Manfaat pose merpati (Kapotasana)

Manfaat pose merpati (Kapotasana)
Menenangkan pikiran, tubuh, dan melepaskan stres merupakan beberapa manfaat dari pose merpati (Kapotasana)

Asana ini memiliki banyak manfaat luar biasa.
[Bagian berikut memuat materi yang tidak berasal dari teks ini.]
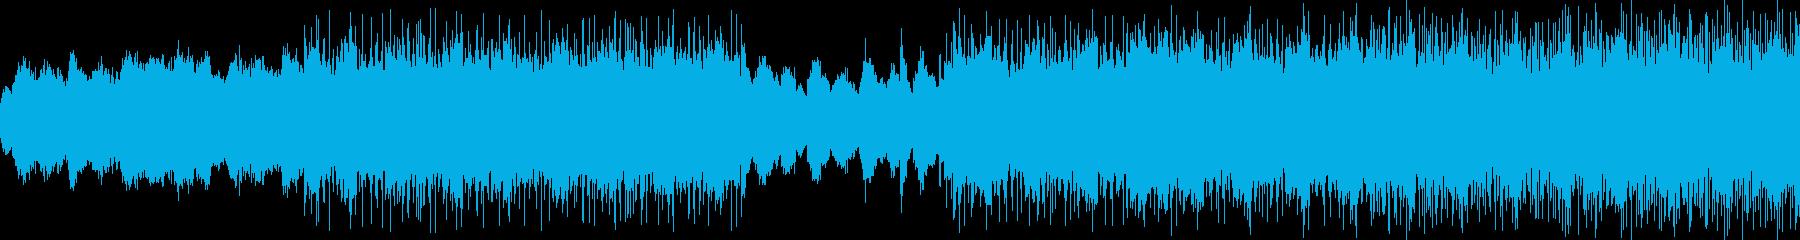 サイバーなBGMの再生済みの波形

  1.  Membantu meningkatkan elastisitas di lengan Anda, tulang belakang, paha, otot betis, bahu, dan tangan.
  2. Membantu meregangkan dan menguatkan otot dan persendian di kaki Anda.
  3. Asana ini juga membentuk otot-otot tenggorokan dan organ di dalam tulang rusuk, perut, dan dada.
  4. Melancarkan sirkulasi darah dan meningkatkan sistem kerja pencernaan.
  5. Membantu mengurangi tekanan darah dan menurunkan efek penyakit kronis.
  6. Mengurangi sciatica dan membuat paru-paru lebih kuat.
  7. Mengaktifkan sistem saraf dan juga meningkatkan asupan oksigen.
  8. Mengurangi kekakuan di pinggul, punggung, dan bahu.
  9. Menenangkan pikiran, tubuh, dan melepaskan stres.
  10. Membantu mengobati gangguan kencing.

Pose persiapan:

  1. Supta Virasana
    2. Dhanurasana
    3. Eka Pada Rajakapotasana
    4. Chakrasana
    5. Bhujangasana
    6. Virasana

Variasi kapotasana tingkat lanjutan:

1. Bālāsana
2. Pasasana
3. Adho Mukha Svanasana
4. Twist Bharadvaja

Kapotasana atau pose merpati ini dapat melenturkan tubuh Anda dengan cara yang tidak pernah Anda bayangkan! Anda harus mempertimbangkan untuk menambahkan asana ini ke daftar yoga Anda sehari-hari untuk merasakan manfaatnya. Selamat mencoba!